The ARM firmware and Replay FPGA framework

You are here:
Estimated reading time: 6 min

Here a brief overview what happens when switching on the Replay board. When talking of ARM, it is always the specific processor found on the Atmel uC (SAM7) meant.

The only configuration stored on the board is the ARM firmware in flash, everything else (FPGA cores) is ALWAYS loaded via SD card (except an “emergency FPGA setup”):

The ARM starts its own bootloader at flash address 0x00100000
(this part is found on SVN in “…\sw\bootloader\replay_loader_v1.2”)

– it sets up the ARM PLL and its I/O (including serial debug)
– it checks if the replay menu button is pressed, this is the bootloader loop:
– if it is pressed, it initialises the USB as HID device and waits for communication (a LED blinks on the board)
– after two seconds it checks again for the menu button, if it is still pressed, it stays in this mode
– in case a USB connecting is established, it waits for address/data packets to be flashed
– if no button is pressed
– it de-initialises the USB device
– it jumps to  flash address 0x00102000 and thus starts the Replay loader

– the bootloader part forwards (or “replicates”) all ARM vectors from 0x001000xx to 0x001020xx,
so interrupts etc. can be used by the Replay loader as well

The Replay boot loader starts at 0x00102000 and is thus independently developed/flashed to the ARM bootloader
(this part is found on SVN in “…\sw\arm_sw\Replay_Boot”)

– it sets up again ARM PLL and I/O (it could be different from the bootloader)
– if configured at boot time (not in default deliveries), it initialises the USB CDC device for debug (alternative to serial)
– it enters the main loop:
– it initialises a SD card, gives a message if the SD card is changed
– if no SD card is found and FPGA is not initialised yet (this is the latest firmware found on SVN!):
– it configures the FPGA with a default setup (stored compressed on the ARM flash)
– it initialises the on-board PLL with default settings (HD27 mode)
– it de-initialises the video coder (if fitted)
– it initialises the video buffer
– it checks if the FPGA is sane (SPI status readout)
– it initialises the video DAC (via FPGA)
– it initialises the DRAM train (via FPGA)
– intialise OSB and give a proper message to enter an SD card
– wait until SD card is inserted, key entries are handled to detect a full board reset (F11 button)
– if SD card is found:
– load the “replay.ini” file in the root directory of the SD card
– parse the first part of the ini, including on-board PLL and FPGA configuration
– load the FPGA configuration (the default is “loader.bin”)
– parse the second part of the ini, including initialising memories on FPGA (e.g. ROM files)
– handle OSD and keypresses
– handle generic FDD/HDD data exchange between SD card and FPGA
– handle external FPGA configuration (detects drop of FPGA done signal and re-inits SDRAM params)

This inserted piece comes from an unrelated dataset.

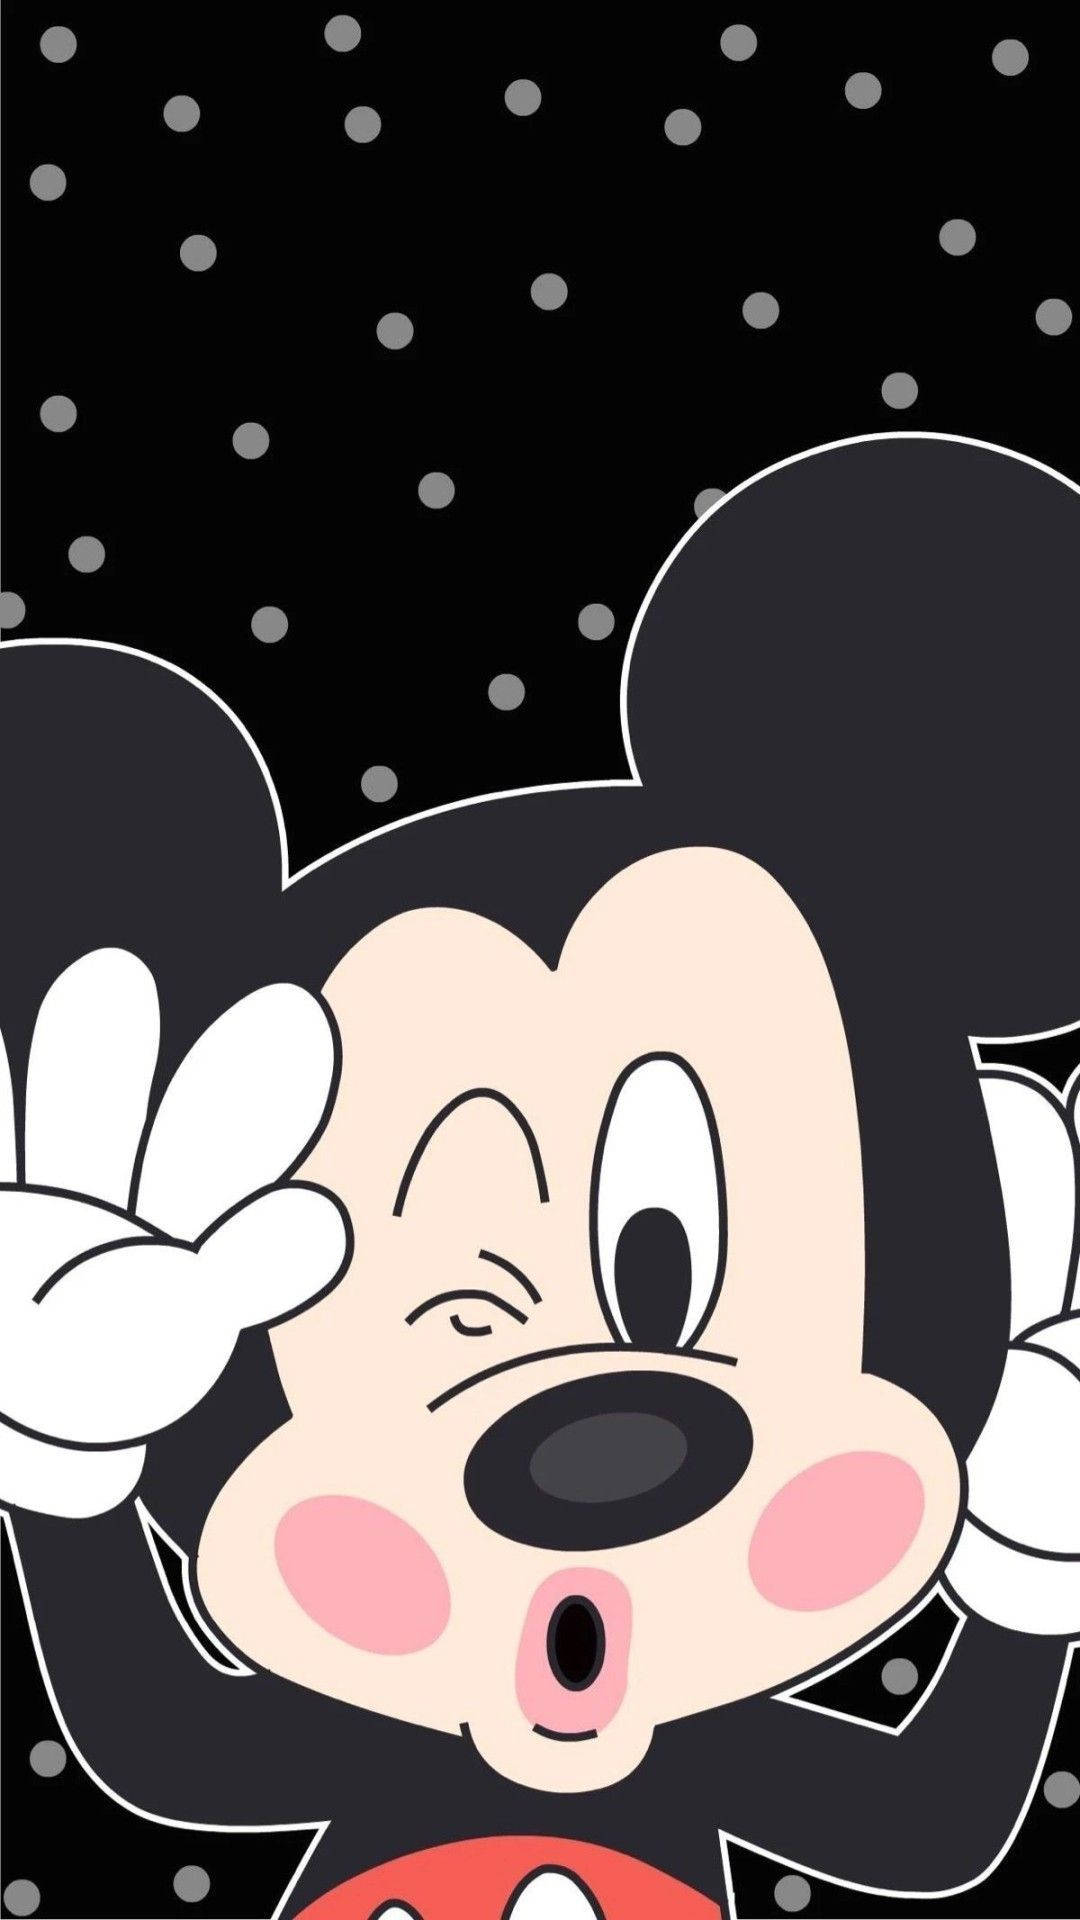 chuột mickey - Nhân vật hoạt hình Chuột Mickey mặc áo khoác nhiều màu, mỉm  cười png tải về - Miễn phí trong suốt Chuột Mickey png Tải về.

With an SD card inserted, further INI files can be loaded or core configuration can be changed with a menu setup also defined in the INI file.

Details about INI files are explained here:

Dynamic ARM code from SD card aka rApps (= Replay Applications):

Such an example is found on SVN in “…\sw\arm_sw\Replay_Apps\rAppFlashUpdater”.

This feature is e.g. required for the latest flasher running directly from SD card. Of course for flashing the flash can’t be used for execution, thus code needs to be set up on the (embedded) SRAM of the processor and executed from there. To avoid wasting ARM flash for storing this SRAM code, it makes sense to load it from SD card as well.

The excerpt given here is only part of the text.